Se você é assíduo na internet ou é telespectador do Big Brother Brasil, com certeza já deve ter ouvido falar recentemente sobre o cancelamento. O termo, muito utilizado nas redes sociais, começou há muitos anos como uma forma de chamar a atenção para causas como justiça social e preservação ambiental. Uma verdadeira forma de amplificação da voz e de forçar ações políticas de marcas ou figuras públicas.
Funciona da seguinte forma: Um usuário de mídias sociais, tais como Twiiter, Facebook, Instagram, presencia ou visualiza, mesmo online, algo que considera errado, registra em vídeo, foto, ou salva o que foi publicado e posta em sua conta, marcando a empresa empregadora do denunciado e autoridades públicas ou outros influenciadores digitais que possam amplificar o alcance da mensagem. Em alguns minutos a postagem se espalha e, como em muitos casos, viraliza, multiplicando sua visualização.
O cancelamento é diferente da trollagem típica de internet, eventualmente com insultos coordenados, frequente em disputas de opinião entre usuários das redes. O “cancelamento” é um ataque à reputação que ameaça o emprego e os meios de subsistência atuais e futuros do cancelado.
Segundo o psicólogo clínico e hospitalar e também especialista em comportamento suicida e Tanatologia, Victor Santos, o cancelamento é um ato de exclusão que iniciou muito antes da existência das redes sociais.
“O cancelamento é um ato de exclusão. Antes mesmo de existir redes sociais, por exemplo, já acontecia nos grupos de escola, faculdade, amigos ou familiares, onde se alguém apresentasse um comportamento que fosse considerado inapropriado, logo era excluído. Hoje esse cancelamento acontece de forma mais exposta, em decorrência da tecnologia.” afirma.
O psicólogo alerta ainda para a dificuldade que as pessoas tem de lidar com os erros, principalmente nas redes sociais, onde tudo parece ser perfeito e quando ocorre o menor sinal de erro ou imperfeição, a pessoa á anulada.
“A rede social é um mundo de filtros, de exagero da perfeição e isso é buscado por uma necessidade de confirmação. Muitas vezes misturamos tudo dentro desse universo, pois é difícil fazer uma separação emocional.” ressalta Victor.
Como surgiu a ‘cultura do cancelamento’ e quais as consequências?
Esse fenômeno das redes sociais não é exatamente recente. Ser cancelado se tornou o medo do século. E não é para menos. Sobram exemplos de carreiras destruídas e empresas que viram seus lucros caírem a quase zero por posicionamentos que hoje em dia não são mais aceitos.
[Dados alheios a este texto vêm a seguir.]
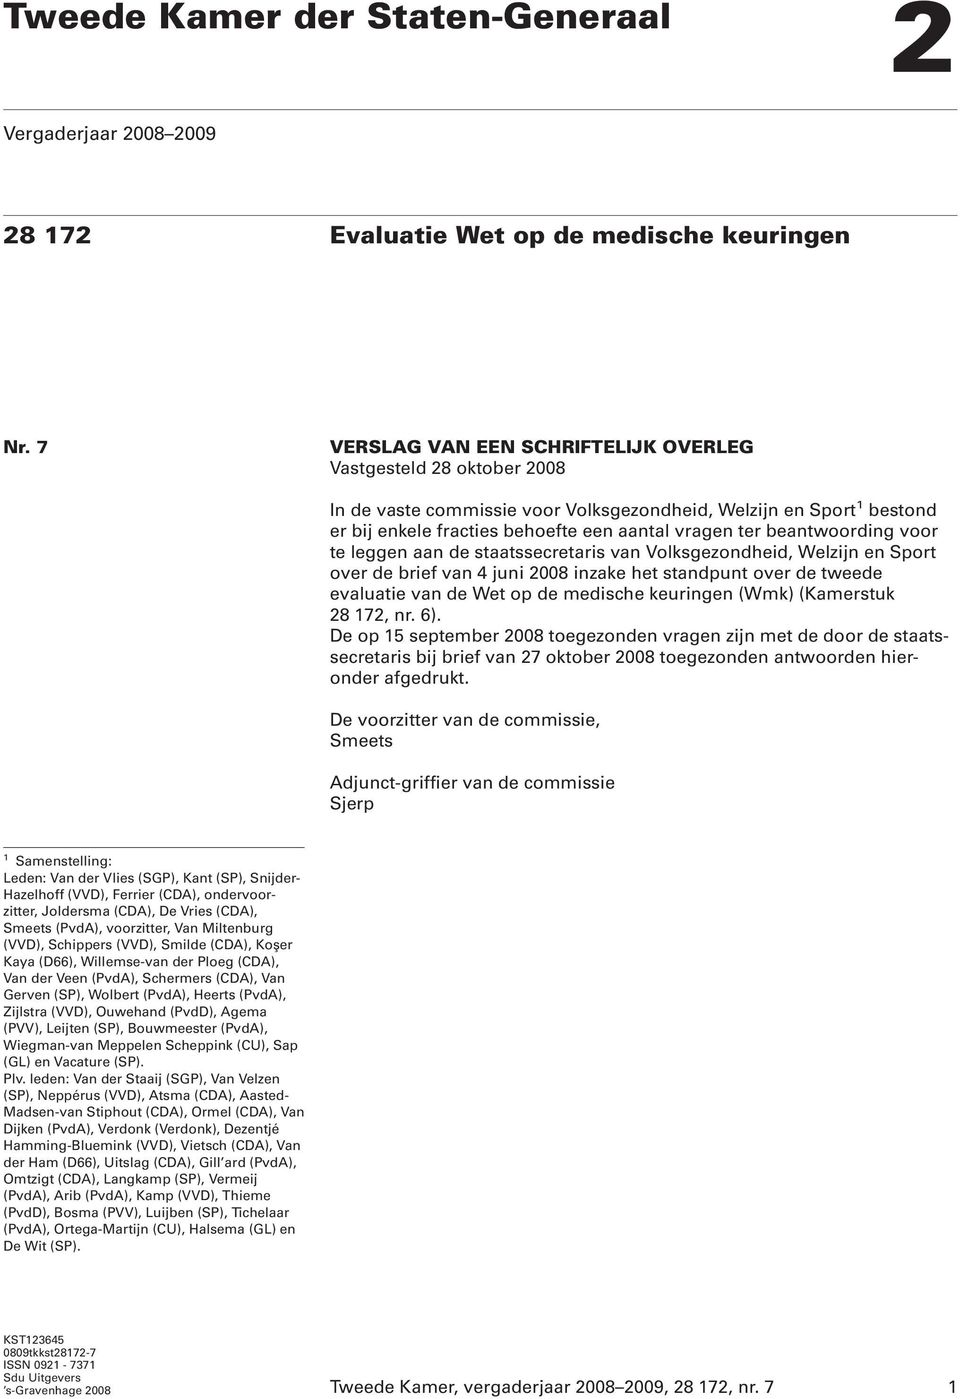 beantwoording voor te leggen aan de staatssecretaris van Volksgezondheid, Welzijn en Sport over de brief van 4 juni 2008 inzake het standpunt over de tweede evaluatie van de Wet op de medische

A cultura já era conhecida nos Estados Unidos e hoje vai muito além das personalidades, alcança pessoas anônimas também. No Brasil, frequentemente, tem como alvo as pessoas famosas. Dois exemplos recentes de cancelamento foram o da blogueira Gabriela Pugliesi. Depois de postar imagens de uma festa que deu em sua casa, em abril, em meio a uma quarentena por conta da epidemia de Coronavírus, uma multidão online passou a cobrar as marcas que a patrocinavam para que rescindissem os contratos de publicidade com ela. Pugliesi perdeu pelo menos cinco contratos e seu prejuízo teria superado os R$ 2 milhões.
Nos últimos dias também conhecemos o caso da Karol Conká, a artista foi acusada de impor, por diversas vezes, pressão psicológica sobre alguns participantes do programa. O público, por sua vez, se uniu com o objetivo de tirar a curitibana do reality. Enquanto a ‘mamacita’ cancelava participantes dentro da casa, aqui fora sua carreira se dissolvia. Seu ‘cancelamento’, contudo, ultrapassou o limite profissional, e prejuízo não ficou apenas nos números e cifras. Foram criadas diversas páginas de ódio a Karol, muitas repletas de ofensas racistas. A família da cantora, em especial seu filho menor de idade, sofreu ameaças de morte.
“É necessário ter uma pouco mais de tranquilidade e sabedoria para entender com mais profundidade as coisas, pois vivemos em uma era muito superficial. Se não tomamos cuidado com quem está sendo cancelado ou com nós mesmos que podemos estar no papel do cancelador, podemos estar correndo riscos de saúde mental, como ansiedade, depressão, isolamento, perda de significado existência ou até um comportamento suicida.” afirma o psicólogo.